4. 2 H Cl + 2Na HO = 2 Na Cl + 2 H ₂ O. The situation is similar when the chlorine

the hydrochloric acid respectively. that of the chlorine metal is replaced by bromine or hydrogen bromide (Brommetall), combined with hydrogen chloride (Chlorometal) used.

In this second type of element, only one of the two solid conductors, the retort carbon K, behaves passively. The coal can also be replaced by platinum here. A secondary battery (accumulator of any system) is necessary for the regulation and storage of electricity.

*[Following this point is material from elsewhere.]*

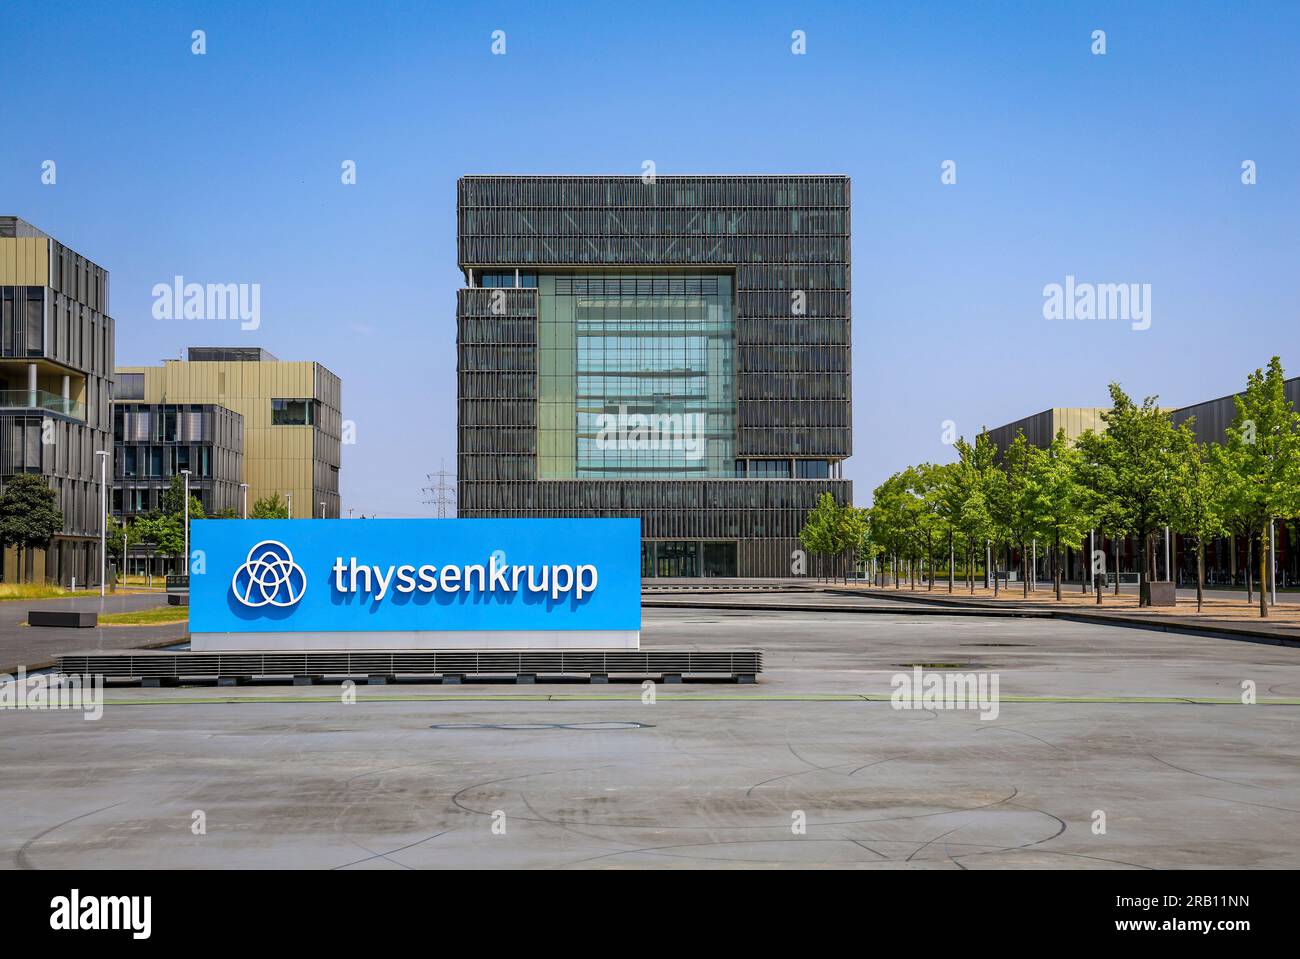 Essen, Nordrhein-Westfalen, Deutschland - ThyssenKrupp, Firmenlogo vor dem Hauptsitz. Thyssenkrupp AG ist ein Industriekonzern mit Schwerpunkt auf der Stahlverarbeitung und Deutschlands größtem Stahlproduzenten Stockfoto

As a result of the decomposition of the silver salts into their former constituents by the chemical action of light, the photoelectric element (or battery) gives off electric currents without any expense or service. The same thing deserves decisive preference over any other generator of electricity, provided it is not a question of very strong currents (its electromotive effect is about = 6j , if that of the Daniell element = 100, that of the Bunsen element = 153), and is therefore recommended in particular for electrical telegraphics and telephony, bells, security, control and alarm apparatus, electrical clocks and electrical lighting purposes (one or two light bulbs).

Claims (1)

Patent claim: The process of converting light into electricity through the construction of galvanic ones Elements in which the chemical combination of acids with silver and chlorine, Bromine or iodine electricity is developed and the silver salts formed in turn the chemical action of light can be reduced. 1 sheet of drawings.